# A good sauce for falafel



## chef_isa (Jan 11, 2005)

Well, I tried a yogurt sauce(plain yogurt, garlic, cilantro, mayonaise, salt and lemmon juice)
But I need something with tahini sauce, garlic, cilantro and what else?
I will apreciate any advice.
Isa


----------



## mezzaluna (Aug 29, 2000)

I don't think classic felafel has cilentro in the sauce, but I may be wrong. I'd advise using thick, Greek-style yogurt, finely diced cucumber and maybe some green onion, lemon juice and some tahini stirred in. The felafel is topped with chopped lettuce, cucumber and tomato- maybe some green pepper, too.

Real Israeli felafel is on my list of things to eat in its native land. Maybe next year! :lips:


----------



## kerryclan (Mar 13, 2005)

I've never had cilantro in falafel sauce. Flat leaf parsley, yes. Try putting some pickeled red cabbage on it (or saurkraut). :lips: I only use tahina mixed with garlic and lemon juice, plus some water to loosen, but the white cucumber/yogurt sauce is good to.
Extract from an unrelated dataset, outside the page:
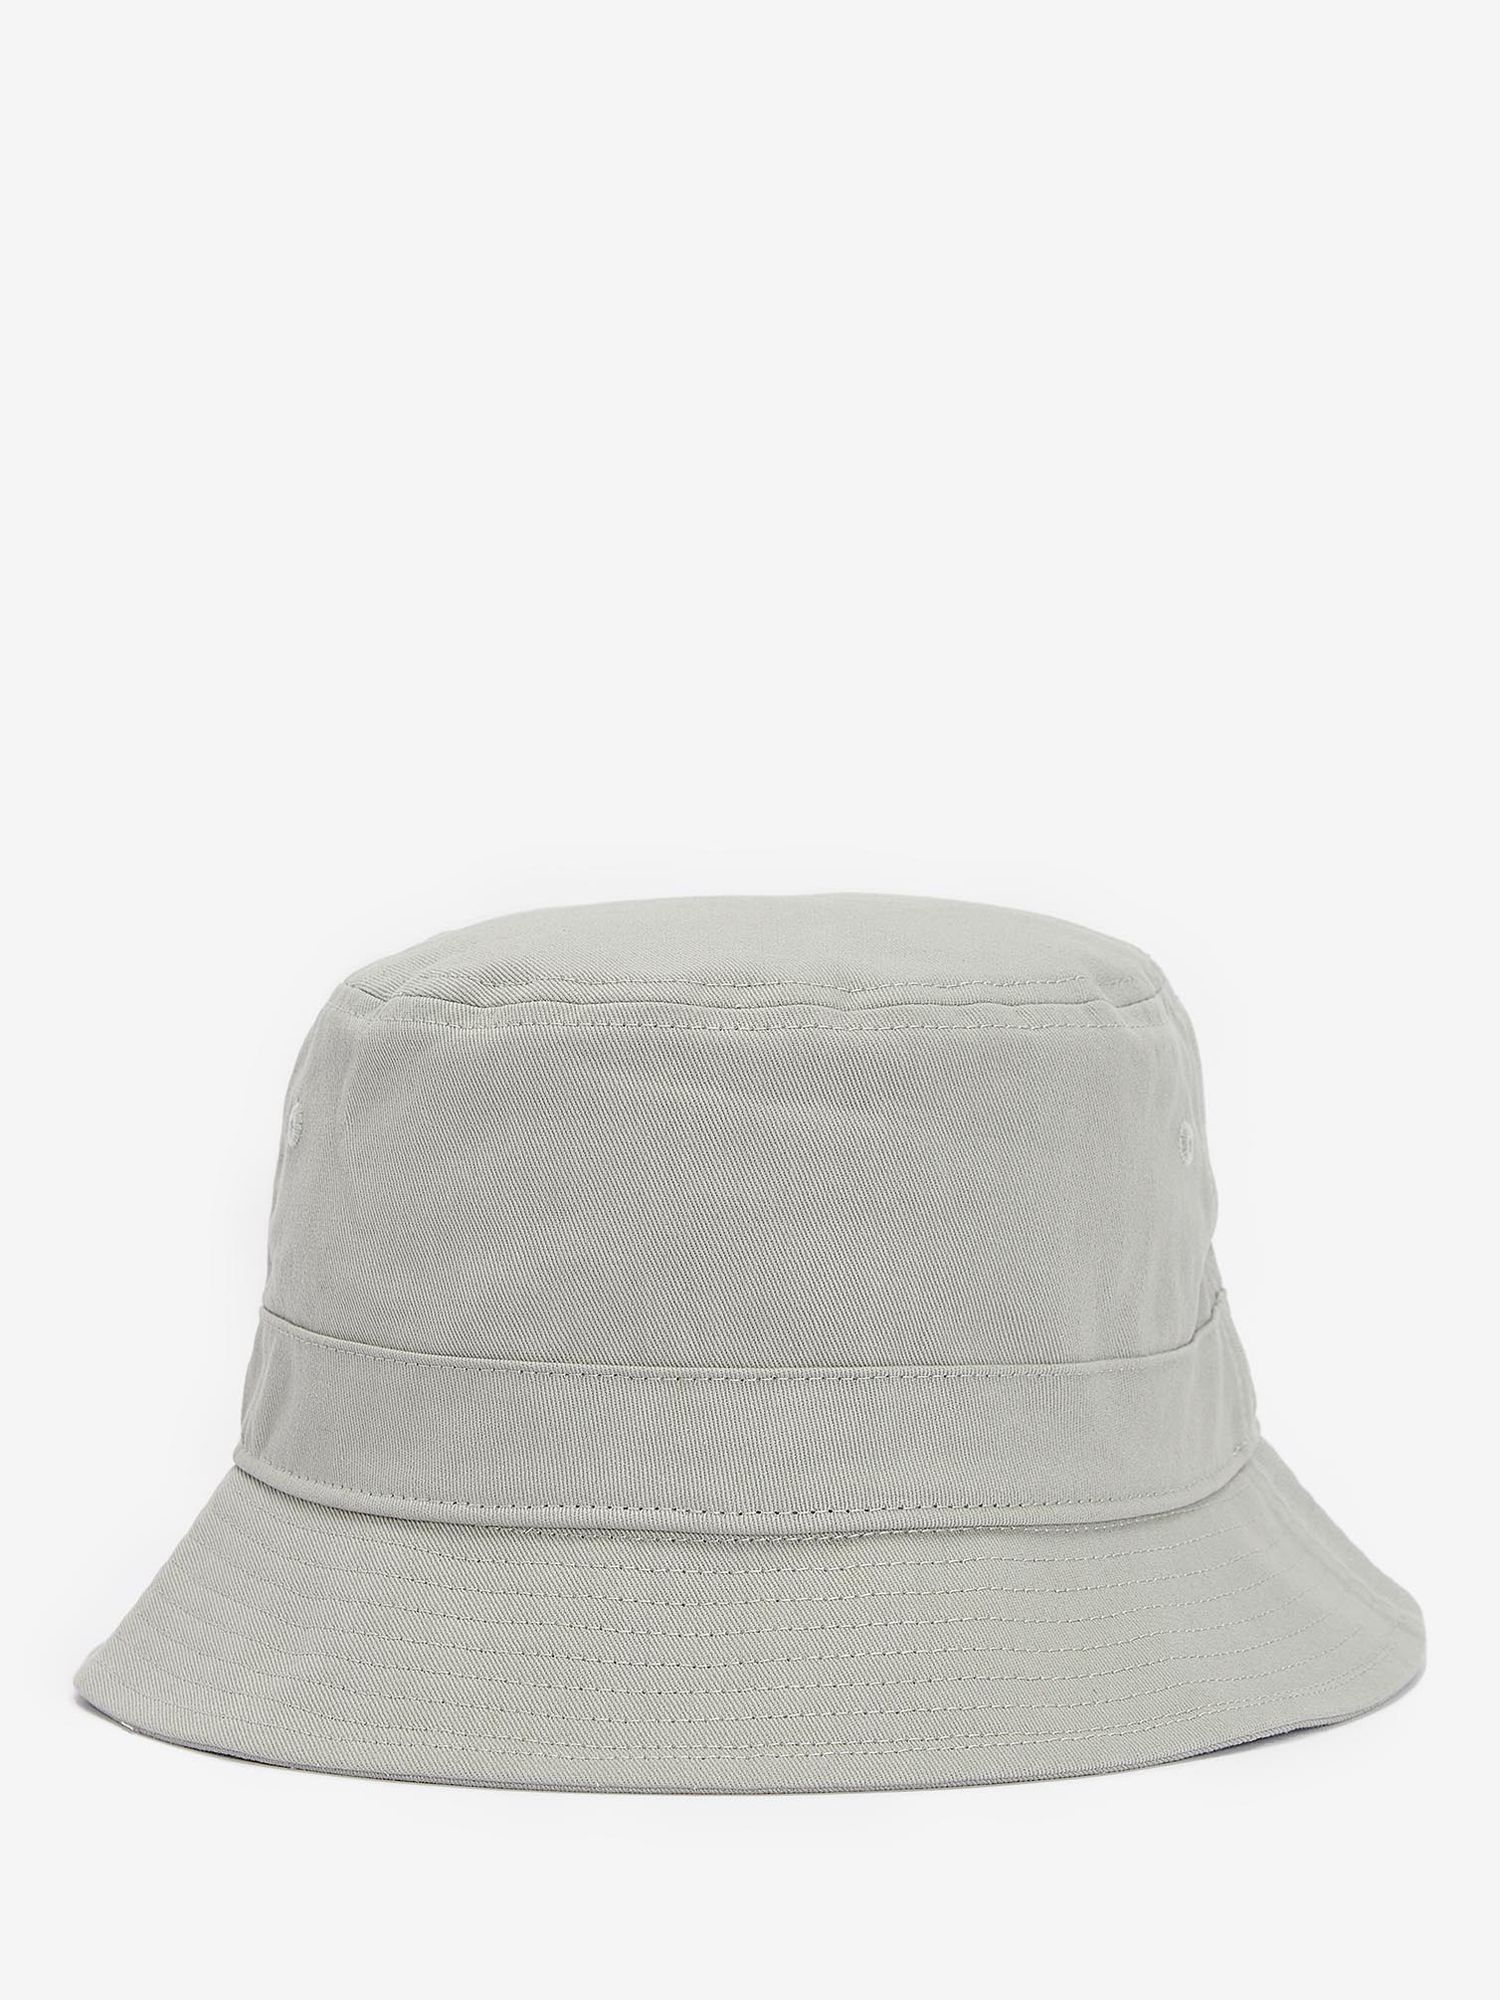 Barbour Classic Bucket Hat, Green, S

Also, if you make the falafel with fava beans instead of chick peas it comes out better and is more authentic.


----------



## keeperofthegood (Oct 5, 2001)

Hey oh

Cilantro no, corriander yes. Fava beans yes, and yellow peas yes, chick peas at least 50% a must. In the sauce mint can be used. Or you can serve the patties with taboli, a salad of parsly and tomatoe.

Hmmm, falafel is an interesting bean dish. I make it half a dozzen times a month. There are a lot of things that can be done to and with it. I also don't just serve it as a main item, but as a side item on plate. There are also variations as you leave the middle east and head towards India (changes in spice, changes in the main bean, but the processe is the same).
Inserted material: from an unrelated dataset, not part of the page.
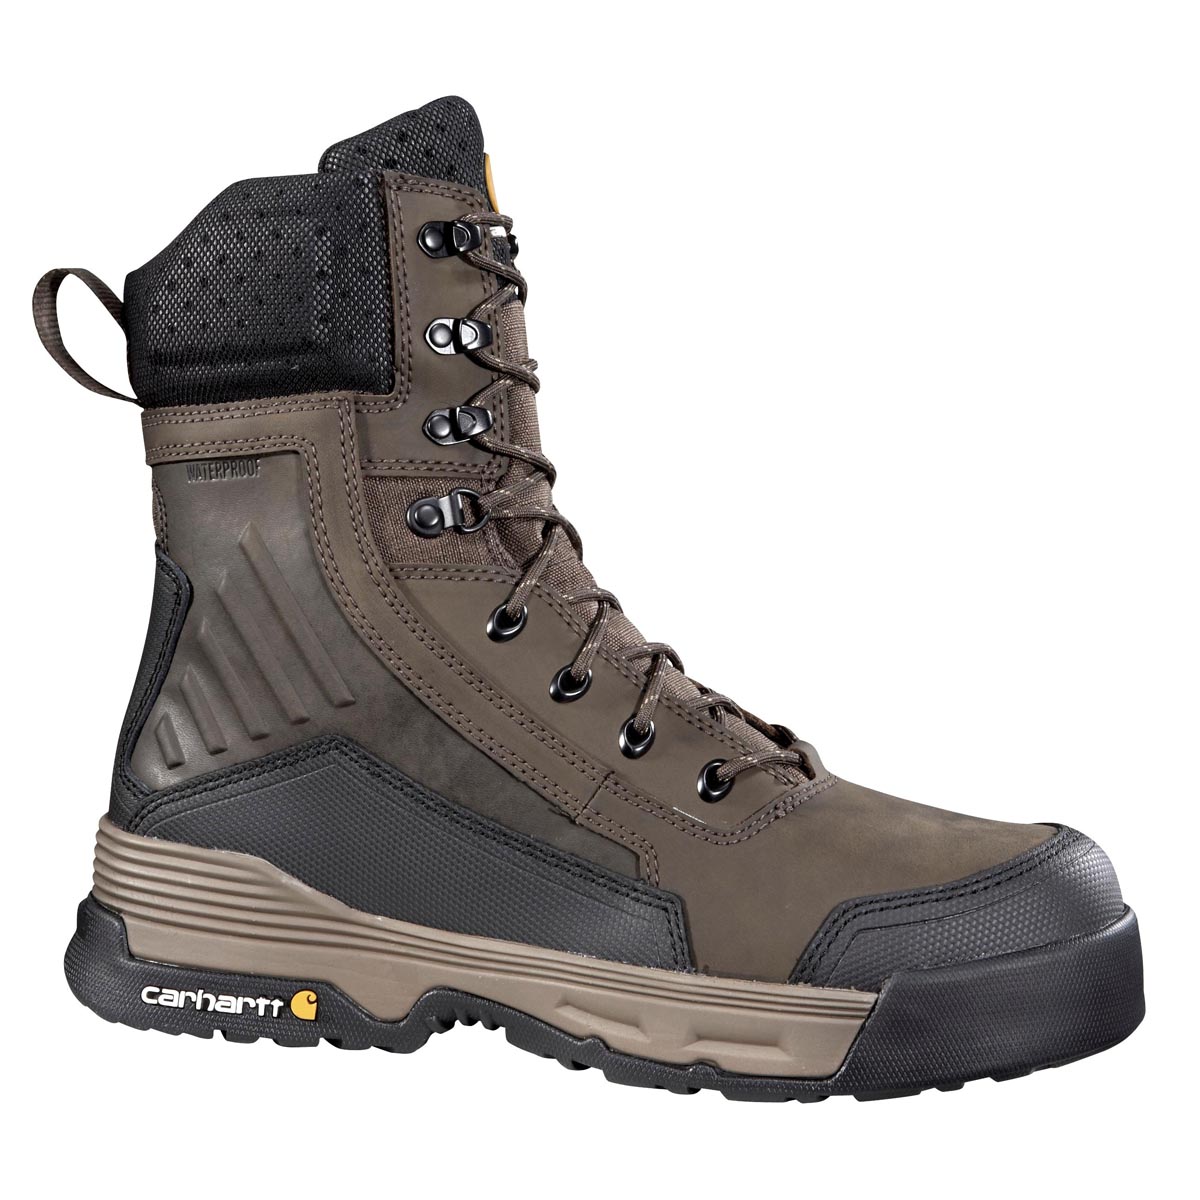 Carhartt Men's 8 Inch Waterproof Work Boot Composite Toe

http://www.icarda.org/Publications/Cook/12/12.html

As to sauce, well, anything really goes. There is a natural foods store up the road that makes a very nice garlic tzatziki that is fab on falafel. Even here, with a simple and traditional sauce, there is a great deal of variations.

http://www-2.cs.cmu.edu/~mjw/recipes...ziki-coll.html


----------



## chef_isa (Jan 11, 2005)

Thanks you all for the recomendations, I will test everything.
Isa


----------



## jemsam (Jun 19, 2005)

Chef Isa
the real falafel sauce is the lebanese one, 
its called something like taratoor
it contains garlic crushed along with salt ( finely crushed, and beaten) then u add the tahini paste, and mix well with a bit of lemon juice, top with chopped parsley, that's the original one
i cann asurre you


----------



## harpua (May 4, 2005)

This is the one I know as well. Very tasty...

Also, you could make tzaziki, but I've never made that for falafel. It goes with other greek food like souvlaki.


----------



## chef_isa (Jan 11, 2005)

Thanks a lot, sound very good.


----------